What matters here is not that the controller "does something" — it is where it learns about changes from and where it reads state from. That is exactly where the cache comes in.

On a live cluster, the easiest way to see this in action is:

kubectl get pod -w

In -w (watch) mode kubectl subscribes to the same event stream that controllers consume. You create or delete a Pod and you see not a single "final" object but a chain of states: the scheduler assigns a node, the kubelet updates status, other controllers contribute their changes. Kubernetes controllers do not poll continuously — they consume an event stream and maintain a local state that is kept current.

For a visual walkthrough, see Reconciliation loop pattern in visual representation, a talk that shows how the reconciliation loop plays out on a real Pod and the states it passes through.

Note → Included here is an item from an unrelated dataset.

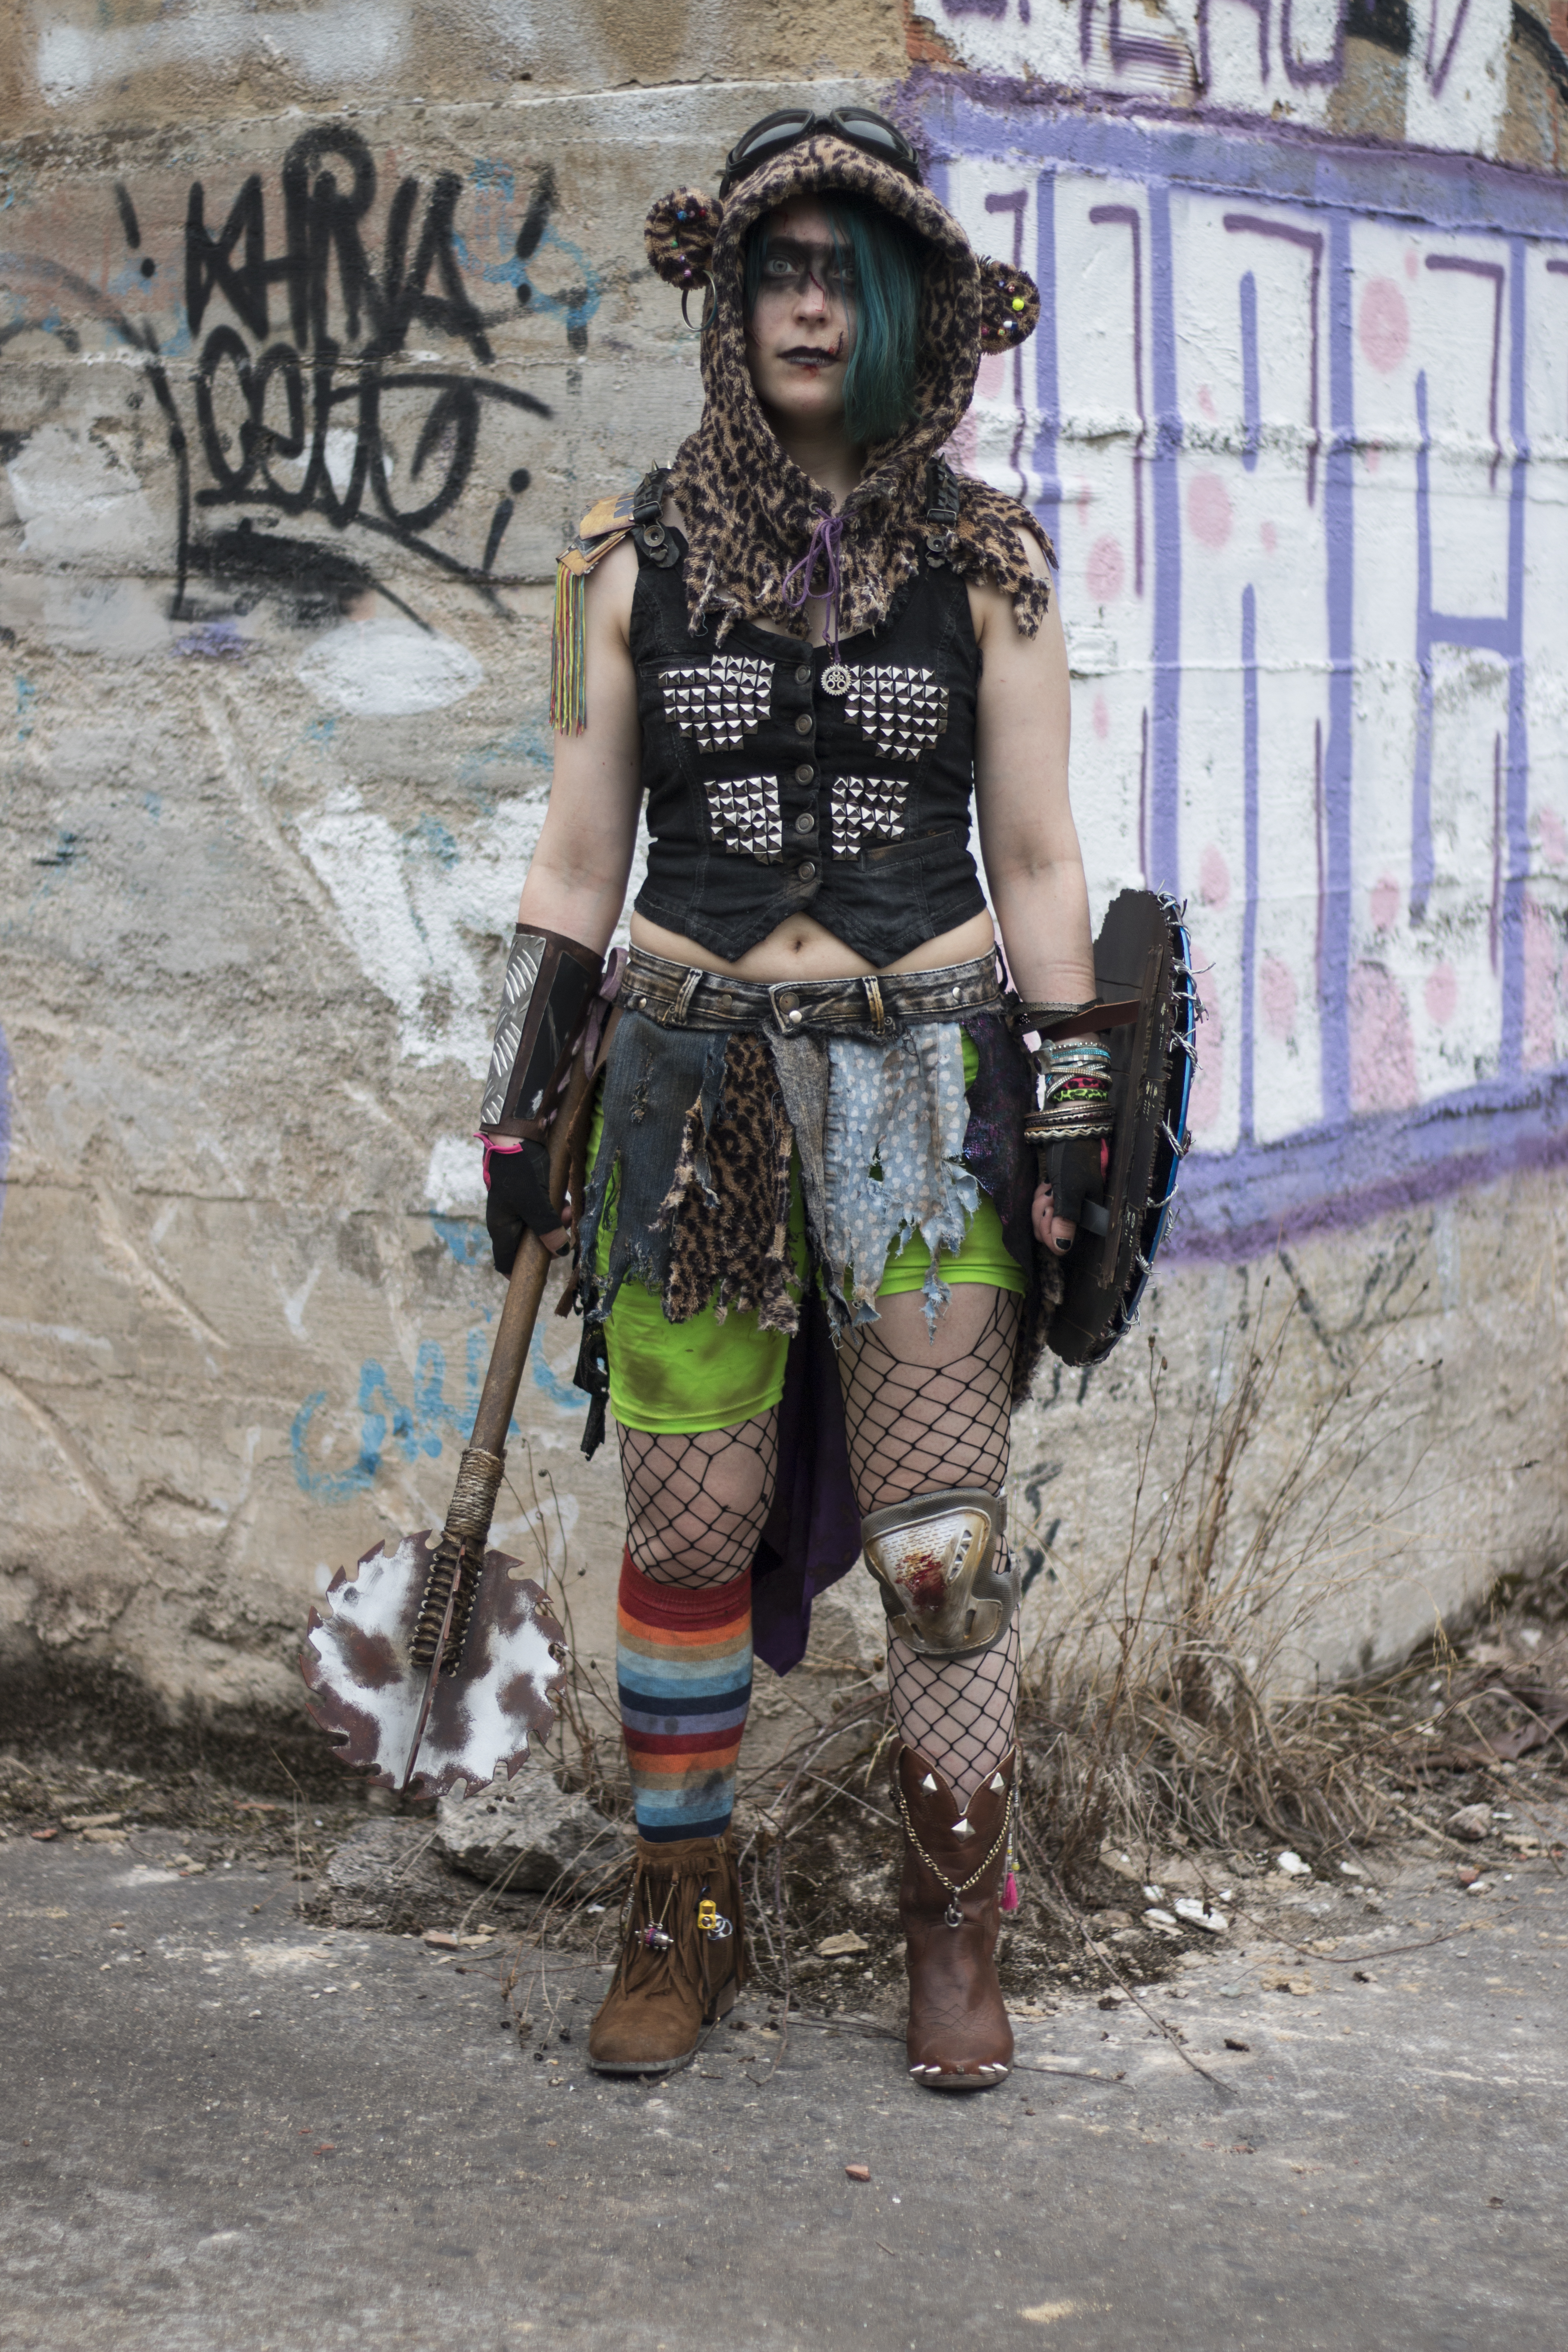 10. Piru [España] - Dakota Grizzly (Punkapocalyptic)

Why the cache exists in controller-runtime at all

Imagine the simplest possible controller:

func (r *Reconciler) Reconcile(ctx context.Context, req ctrl.Request) (ctrl.Result, error) {
    var pod corev1.Pod
    if err := r.Get(ctx, req.NamespacedName, &pod); err != nil {
        return ctrl.Result{}, err
    }
    // ... meaningful logic ...
}

Looks straightforward. But what happens when you call r.Get? Does it fire an HTTP request at the API server? If it did, picture the scene: a dozen operators, each running a few controllers, each issuing a Get and a List per reconcile, with hundreds of reconciles per second. The API server and etcd would be writing each other farewell letters within minutes.

To prevent that, Kubernetes was built around a watch model rather than polling from the very beginning. The standard mechanism works like this: a client issues LIST once, gets a snapshot of the slice of the world it cares about, then subscribes to a stream of changes via WATCH and keeps a local copy current. Everything happens over a single long-lived HTTP connection, with no "what is in the world right now?" loop.

This idea has lived in client-go since the very first controllers in kube-controller-manager. controller-runtime simply wraps it in a friendly framework so that you do not have to glue Reflector, DeltaFIFO, and Indexer together yourself (more on those below).

So when people talk about "the controller-runtime cache", they are not talking about a clever optimization. They are describing the foundation of the entire model: you read from memory, you write to the API server, and you receive feedback through a watch.

The rest of this article walks through how each piece is wired up.

Glossary

A few terms collected up front, so you do not have to jump back and forth later. Skim or skip if any of them are already obvious.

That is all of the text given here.